Sunday, June 21, 2009

FitNesse for a Particular Purpose

I've been aware of Ward Cunningham's "Fit" framework ( for some time. I've never actually used it, because it seemed "hard" and my business analysts had their own way of doing things.

My current project introduced me to "FitNesse" (, a wiki which integrates the Fit framework with wiki pages, and forced me to learn to use it for real enterprise-scale projects, both interactively and as an automated test suite to be run as part of our continuous build process.

Boy, have I been missing out; this thing rocks!

At the core, FitNesse is a wiki. It's important to remember that, because as it's presented in the documentation, it's primarly a test tool. But here's the thing: if you just type your requirements into the wiki, it more-or-less demands that you write tests, too. That is, that you express your requirements as something that the developers must test. That has two huge benefits: 1) it makes sure developers speak the same language as the requirements, and 2) it forces requirements to be testable. Because it's a wiki, as developers and analysts come to a shared understanding of the requirements, either can easily tweak the pages to say what needs saying, and the tests to express those requirements succinctly.

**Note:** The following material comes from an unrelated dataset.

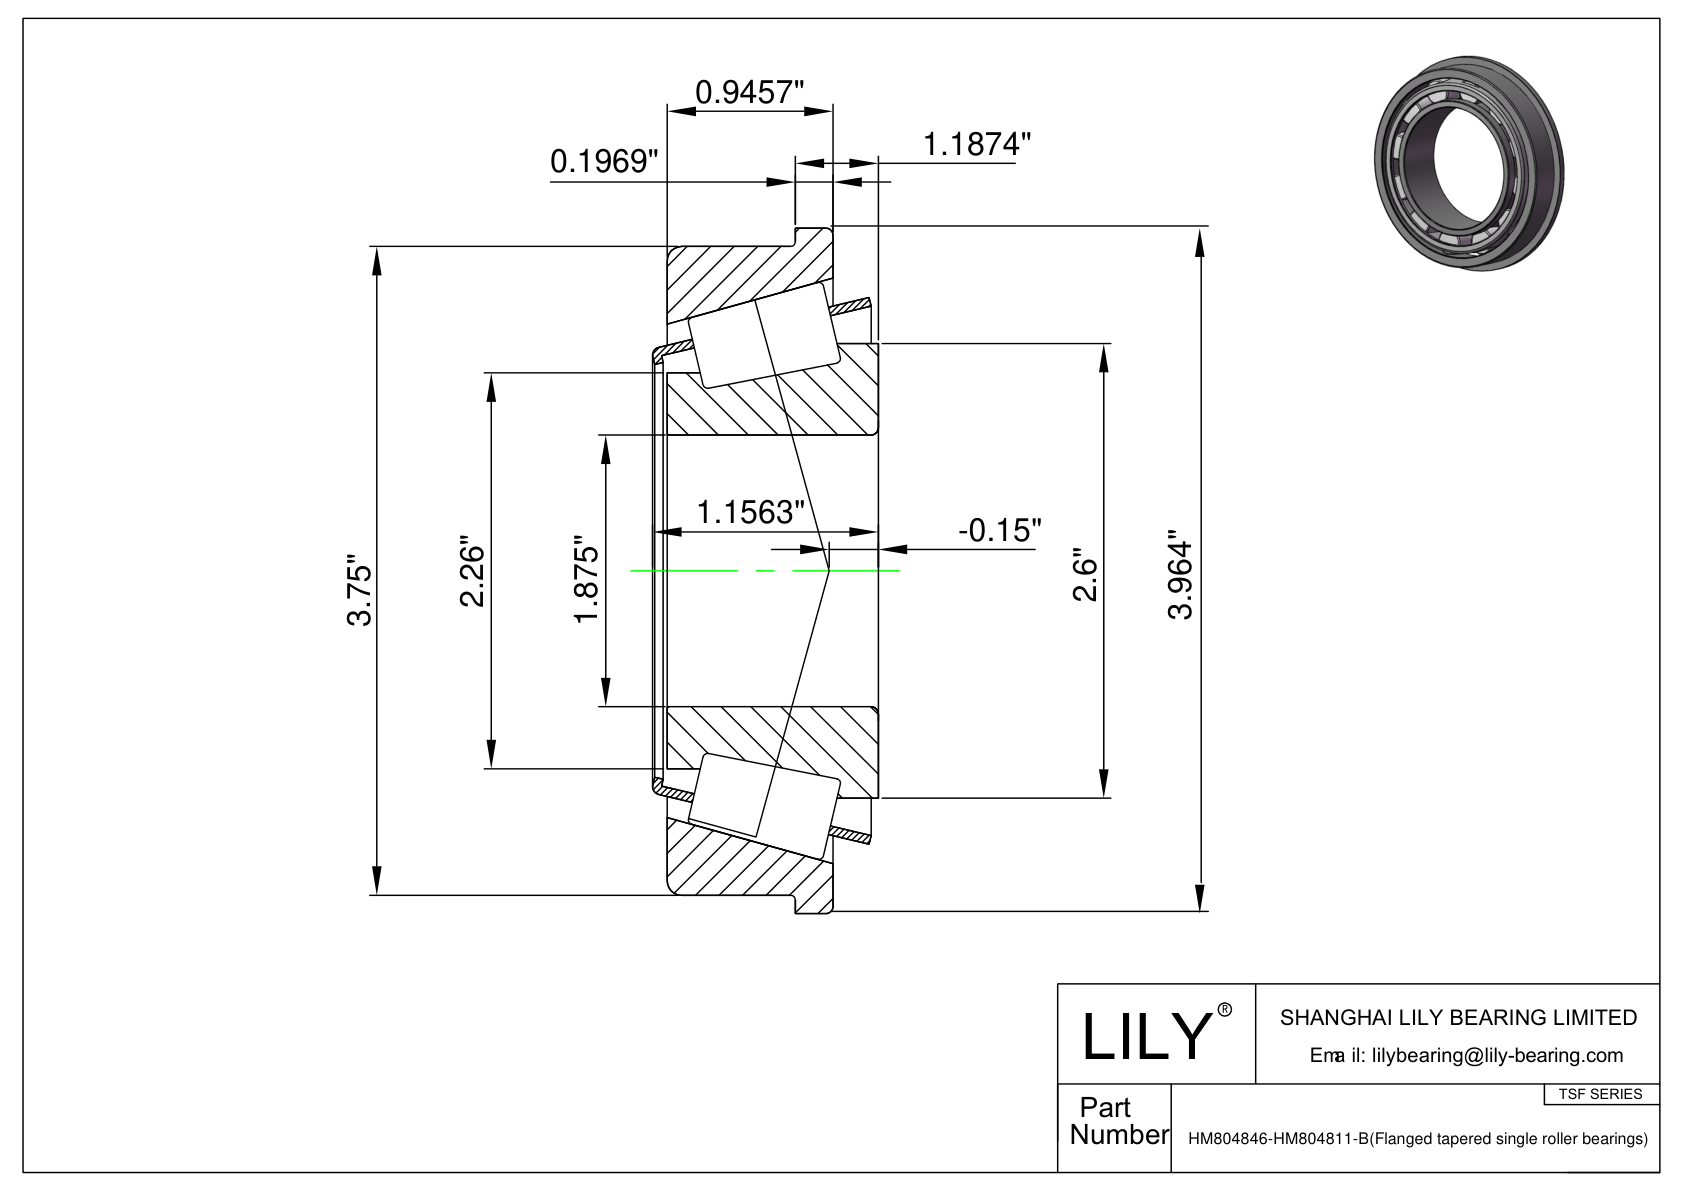 HM804846-HM804811-B TSF (Tapered Single Roller Bearings with Flange) (Imperial) cad drawing

As requirements and associated tests are developed in FitNesse pages, you can check them in to source control, run them regularly, and there's no need to back-trace test to code to requirements--if the FitNesse tests run, you've met all the requirements they embody. It's about the shortest distance between requirements and a quality deliverable I have ever seen, and one of the lowest overhead. Rather than checking our FitNesse pages in "at the end of an edit", we have a scheduled job which checks in any changes at the end of every day.

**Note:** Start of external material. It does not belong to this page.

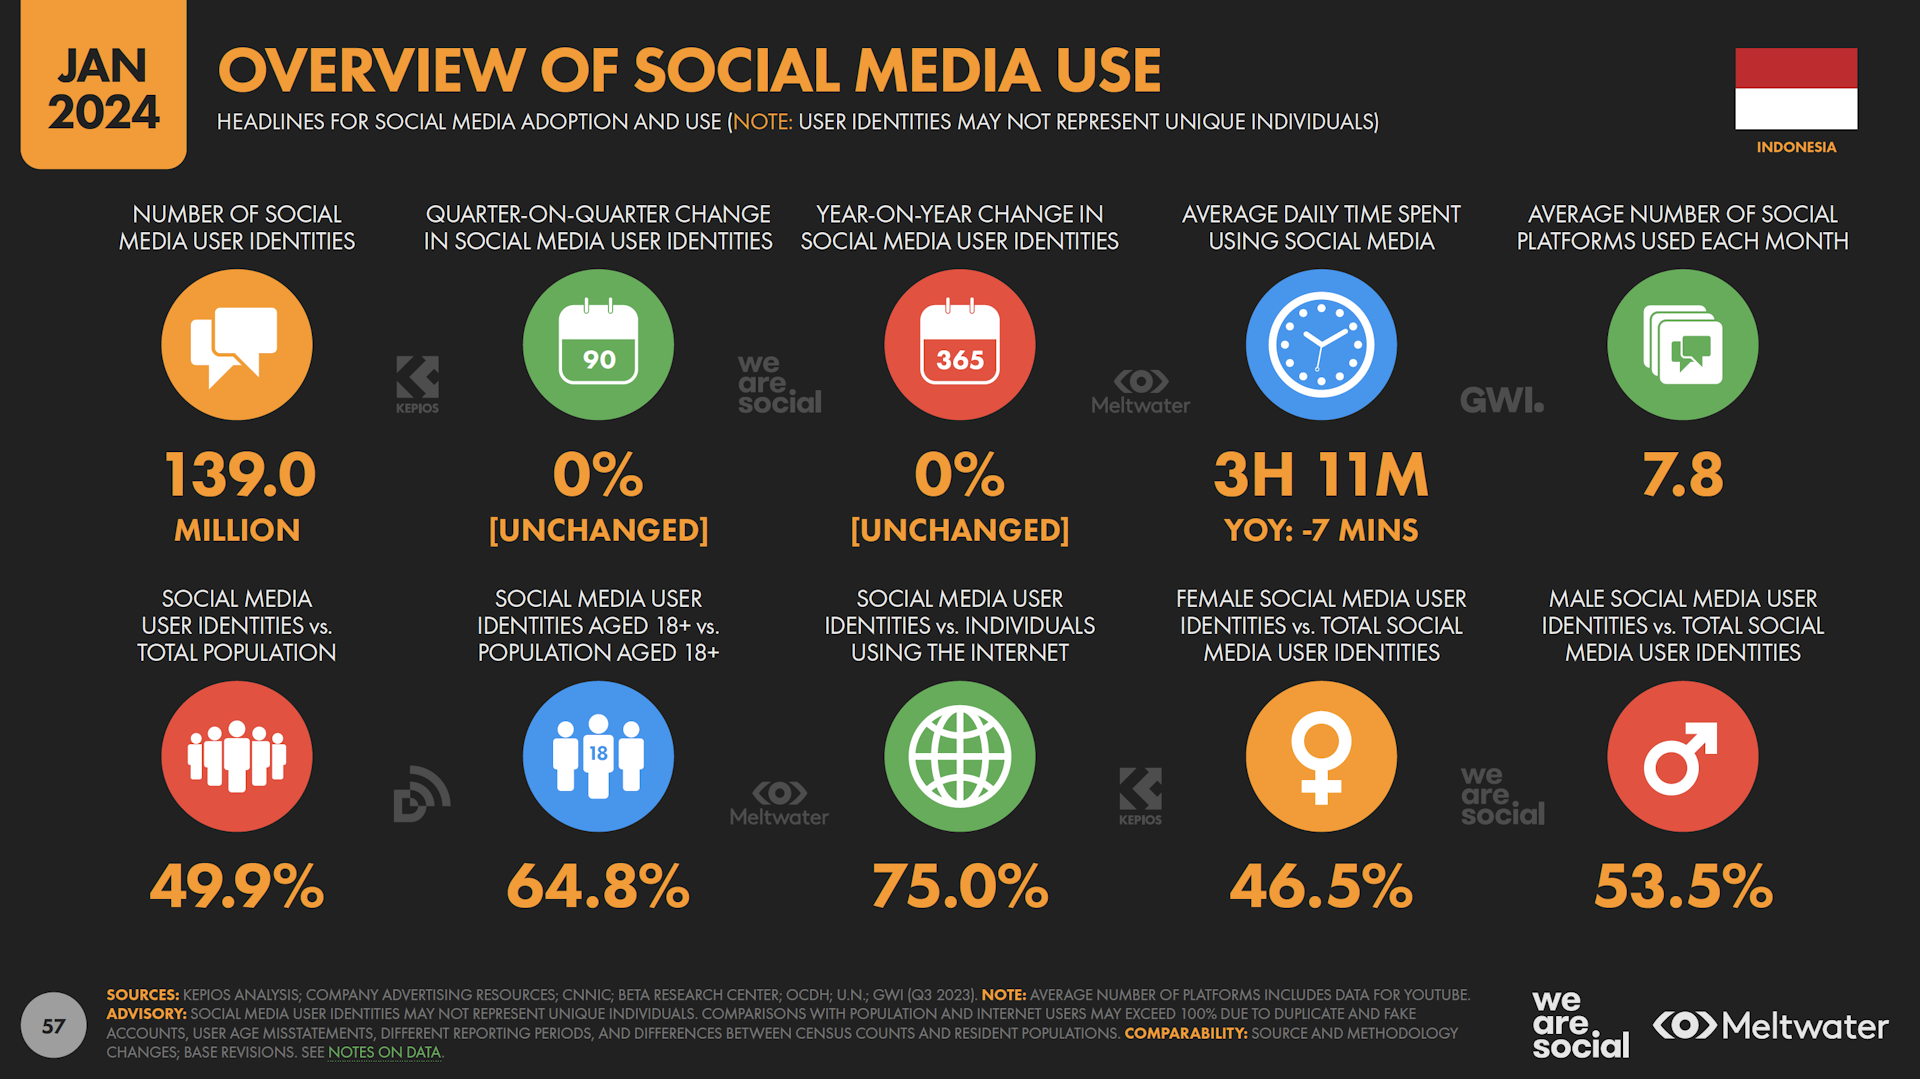 Overview of social media use based on Global Digital Report 2024 for Indonesia

The examples on the Fit and FitNesse web sites are simple; I encourage you to go there now and have a look. These are great for learning, but they don't express the real power of the tool.

Here's an example from my current project in all its enterprise-messy glory. This is what real enterprise application testing is about. The image below is about 2/3 of the testing page for one scenario (click the image for a full-size rendering. It's large (about 100k, and about 3x my screen)). Most of the page sets up the test conditions. Along the way, there are tests to verify the (very complex) input data are correct; "Read Tax Rate Area", for example, generates numbers which aren't in any specific location--they're summed over dozens of inputs already in the database. Any heading with a question mark is an invitation to invoke the application code to see what the results are.

Binding this page to the application code requires a "fixture", which each developer writes. Fixtures are typically quite small. The set of fixtures which executes the tests on the page shown total 596 lines of code; it took me about a day to write, including figuring out exactly how to perform the required setup. I had to write a fixture base class which took another day, but now that I have that written, writing new complex tests will be as simple as writing this one was. This scenario, and 11 others just like it, run using the same fixture and exercises the same code as runs in production. Those 11 scenarios represent most of the edge cases in one kind of billing. There are many more; a total of around 400 scenarios and thousands of individual tests.

To run the test, you simply punch the test button in the upper right-hand corner of the page. I'll walk through some of the results. First, the top of the page notes that 2 tests succeeded, 2 failed, 2 were ignored completely (usually as a result of failure), and 2 exceptions were thrown. Each row typically represents a test, and that's not anything like the full population of the page, but exceptions tend to end things abruptly. Secondly, note the "Read Tax Rate Area" block, where two tests ran, and both failed. Thus, the assumptions which are built into results further down the page are proven wrong--the testers need to know this so they can revise their expected answers. One important thing to note is that the framework handled the display; all the fixture code does is respond to "getLipTaxRate()" and "getLiTaxRate()"--names derived from the associated headings--with a text string. The framework colored the cells and placed the "expected" vs. "actual" answers on the page.

Scrolling down, there's an exception. Yes--I made a mistake in the fixture which, under the right conditions, throws an NPE. I'll fix that in the next release. On down is a successful test.

That's what it looks like. The fixture code is easy to write, the requirements are expressed in a way the business people understand, and there's a man-day or less (usually far less) between describing the behavior in a FitNesse test and writing the fixture which connects the test to the functional code.

In our environment, FitNesse tests are also run automatically as part of our automated build cycle. The tests span hundreds of wiki pages. The results are consolidated into a nice punchy list with counts of successes and failures, much like the top of the first "post-run" page above. For failures, more detail is provided. The XML parsing is done by fixures already available in CruiseControl. I found excellent help for configuring our ant build (and thus our CruiseControl build) at Thanks, Naresh!

What more could you want in a requirements/code/test/document system? Go forth and experiment. You'll be glad you did.